私は、以前、『ケーベル会誌』創刊号(1993年12月25日、ケーベル会発行)に、「ケーベル先生改宗日の謎」という題で書いたことがある。その時は、謎であったが、今では、もう謎ではなくなった。

問いは、改宗した日は、ドイツのミュンヘンにおいてであったのか、それとも、日本においてであったのか、というものであった。ミュンヘンであったというのは、ケーベルの弟子の一人である石原謙氏である。彼は、こう言っている。

「初めはその生国の国情からギリシャ正教会に籍を置いていたが、ドイツに学生として留まっていた頃、内的生活の親近さの故にカトリック教会に籍を移し、その豊かな温か味のある神秘的内面性の雰囲気に満ち足りていたらしい」(『石原謙著作集 第11巻 回想・評伝・小論』岩波書店、335頁)

この記述があるため謎が生まれたが、これは間違いであると思う。籍を移したのは、ドイツにいた時ではないからである。

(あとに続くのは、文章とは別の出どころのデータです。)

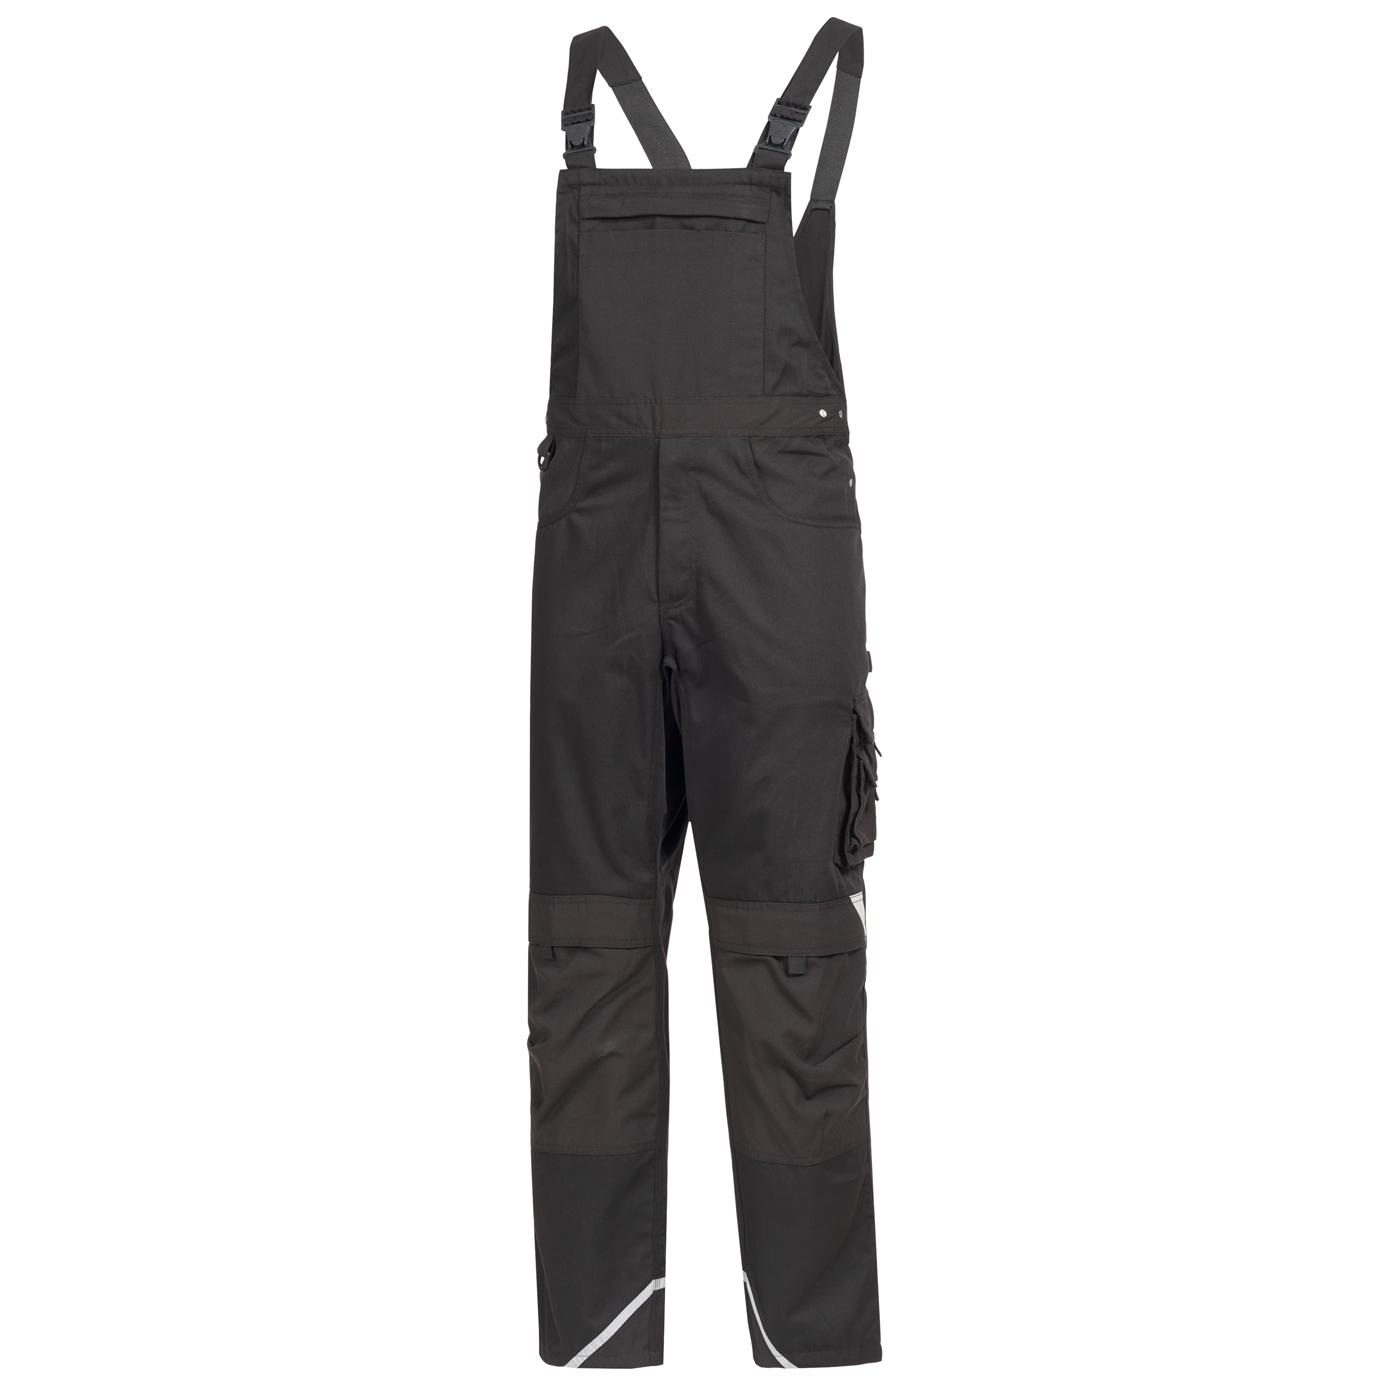 Spodnie ogrodniczki Nitras 7620

しかし、石原氏の、この記述の根拠は、あるいは、『ケーベル博士随筆集』(岩波書店)ではなかったのだろうか。そこには、「解説」の部分に、このように書かれている。

「ミュンヘンに定住するようになってから、先生の衷に眠っていた昔からのカトリック的嗜好は、再び先生の心のうちによみがえって来た。そうしてついにローマ教会に籍を移すに至ったのであった」(206頁)

この文章を見ていると、「ついに」という言葉がひっかかるのである。「ついに」という言葉の受け止め方では、この記述は間違いではないともいえる。

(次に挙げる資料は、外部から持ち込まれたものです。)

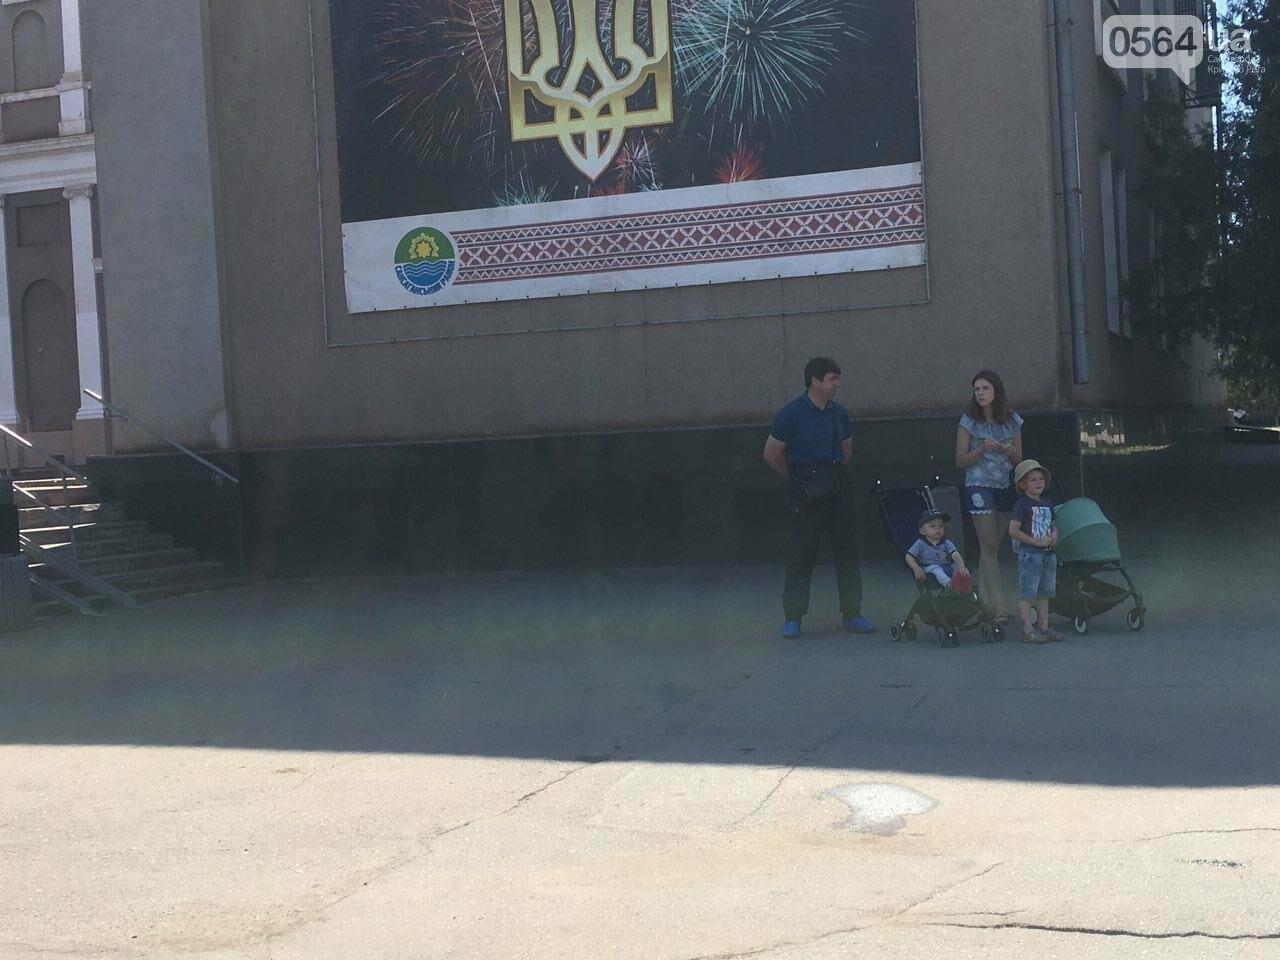 В Кривом Роге готовят площадь для установки памятника Киевскому князю Владимиру Великому, - ФОТО, фото-13

しかし、現実は、その言葉の前と後に、来日という大きな出来事があった。その出来事が書かれていない時、誰でも、ミュンヘンにおいてであったと思うのではないだろうか。石原氏の断定的な表現の根拠は、あるいは、この本にあるのではないだろうか。この本を読む限りでは、私もそうだけれど、ミュンヘンで改宗したように思っても仕方ないと思う。

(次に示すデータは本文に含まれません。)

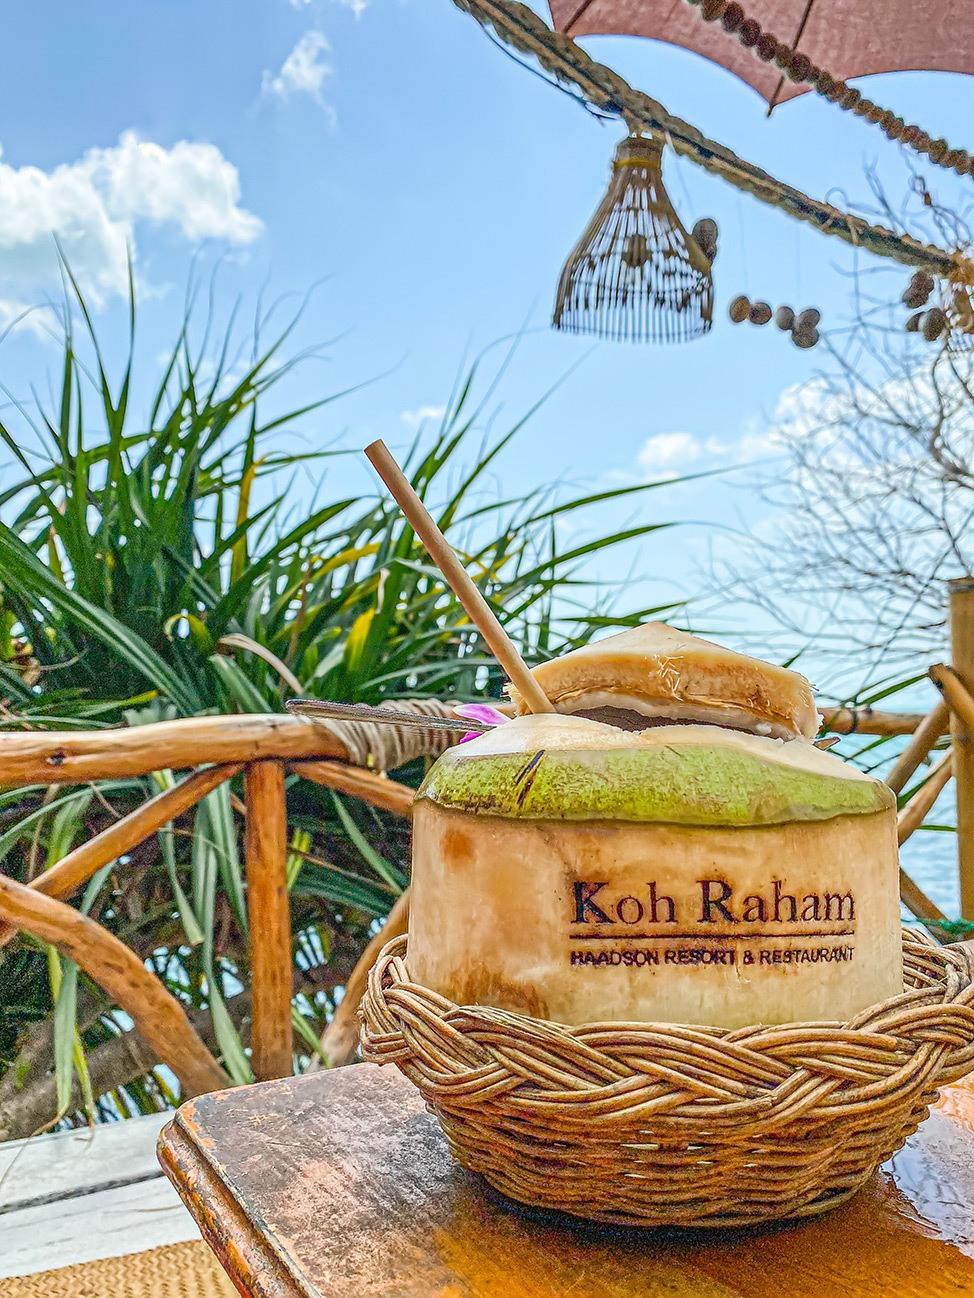 Koh Raham Restaurant, Koh Phangan

しかし、現実は、来日後の改宗なのであった。この随筆集の「解説」の文章は、ケーベルの身近にいた久保勉氏のものであろうと思われるが、なぜ、来日の事実を書かなかったのだろうか。最近は、その方に謎の場所が移るのである。あるいは、来日後の改宗の際、影響を受けたマリア会司祭のエック氏への思い、また、当時の、現実のカトリック教会ではなくて、自らの思いの中にあるカトリック教会との親近性などが考慮されたのだろうか。そして、「ついに」という言葉は、あるいは、ケーベルの意思にあったのであろうか。